The meeting didn't go bad. She took it well. But I could see in her eyes she was just powerless to change anything for me, and what she wanted in that moment, was for me to just stop being honest, and to instead be pleasant and accept the 3 on my review, even though SHE knew it was a slap in the face for all the work I put in, because the powers that be have made it prohibitively difficult for her to actually reward her staff with the reviews they deserve even though they are totally meaningless, and that our whole institution is structured to ensure that the people who see the work you do, have absolutely no impact whatsoever on how you are compensated for it. What she wanted in that moment, was for me to make up some pleasant sounding aspirational bullshit so she could write it down in her notebook, and point to the fact that she'd gone through the motions of her job, because she is just as overwhelmed and underappreciated as I am.

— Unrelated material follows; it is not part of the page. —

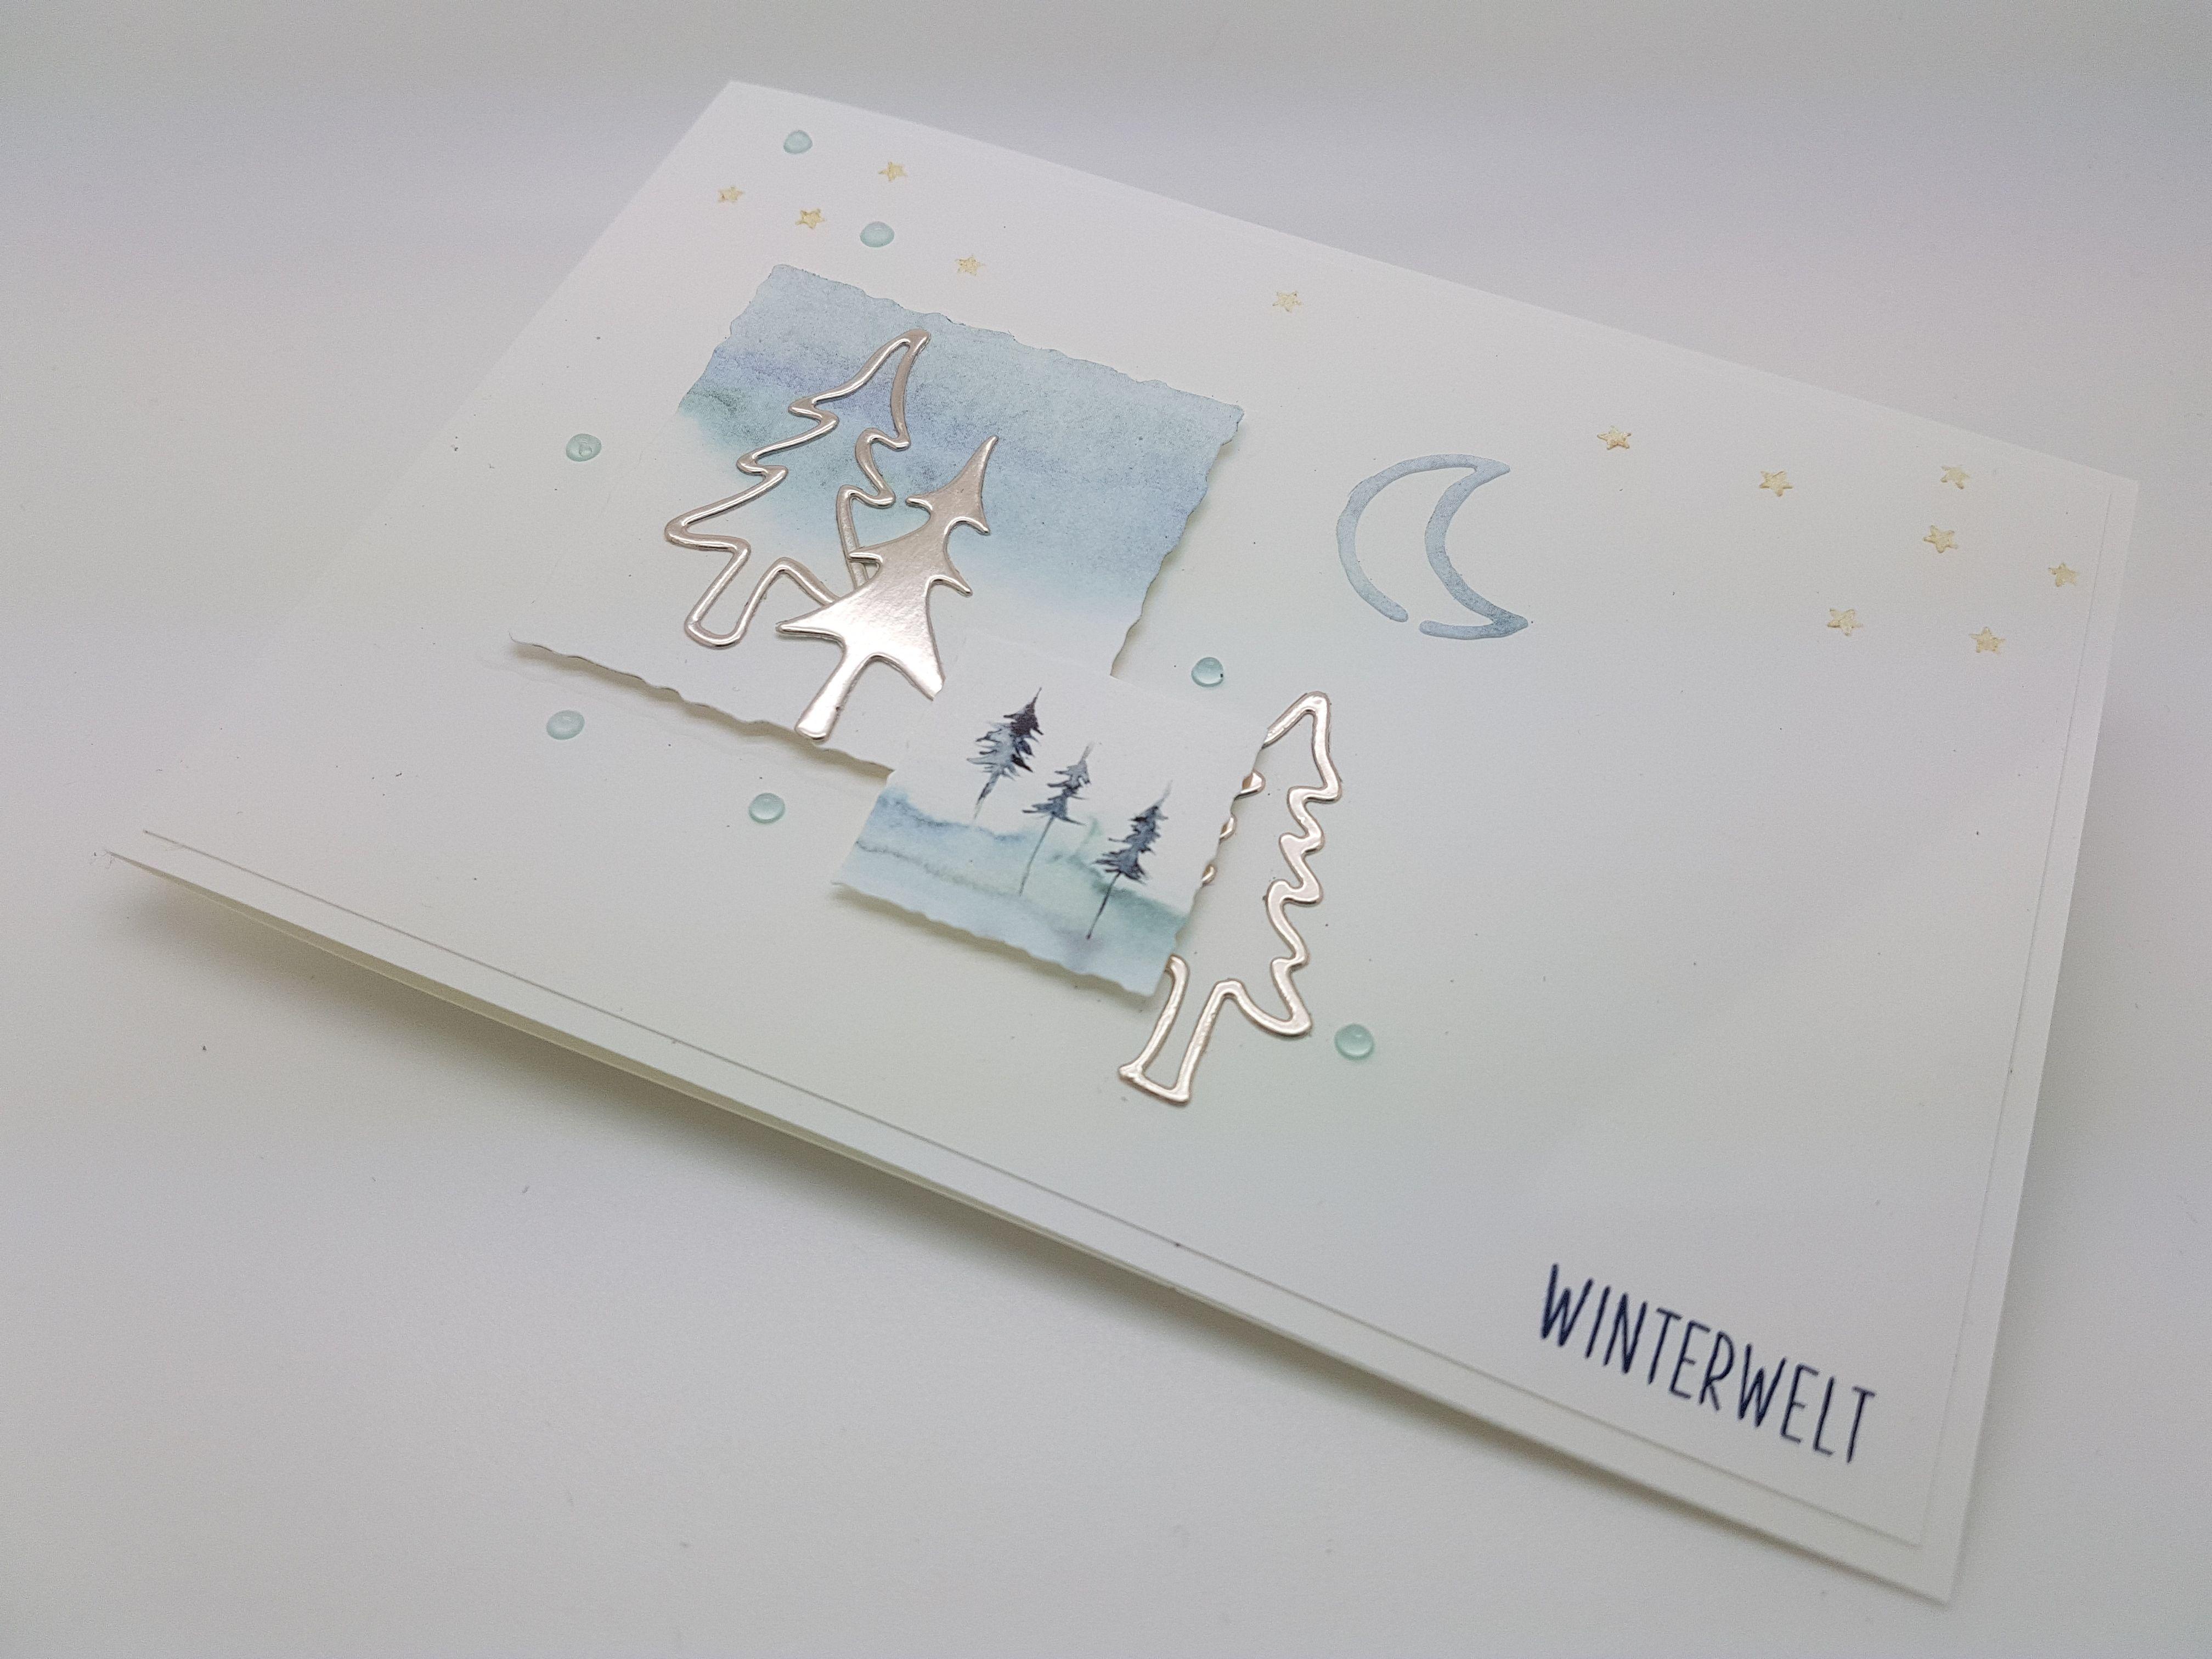 paperinmotion - creative design with paper, stamp and punch - #creative #design #Paper #paperinmotion #punch #stamp #bonpourcalendrierdelavent

I dunno, if I had to wrap a pretty bow on it, management isn't fucking me. Administration isn't fucking me. HR isn't fucking me. Everyone is doing what they have to do in order to get through the day, and nobody who is making decisions is even thinking about me. I don't matter. The worker doesn't matter. All that matters is that the executives get their bonus and promotion, councilmembers cruise into re-election, and that means that no complaints about how broken anything is can surface to create a scandal, and the taxpayers are convinced that their tax dollars are as low as they can possibly be, regardless of whether or not they are receiving any value from them at all.

And yeah, I hear you: “You have a shit attitude”. I didn't. I worked at this for years before I became bitter. I did what I was told. I went to school. I served. I tried to learn and listen to every leader I could, and take in good faith that they knew what the fuck they were talking about better than I did. At the end of the day, I'm on the ass end of problems that are way bigger than me, and it's not personal. I get that. It doesn't take the stink off of it.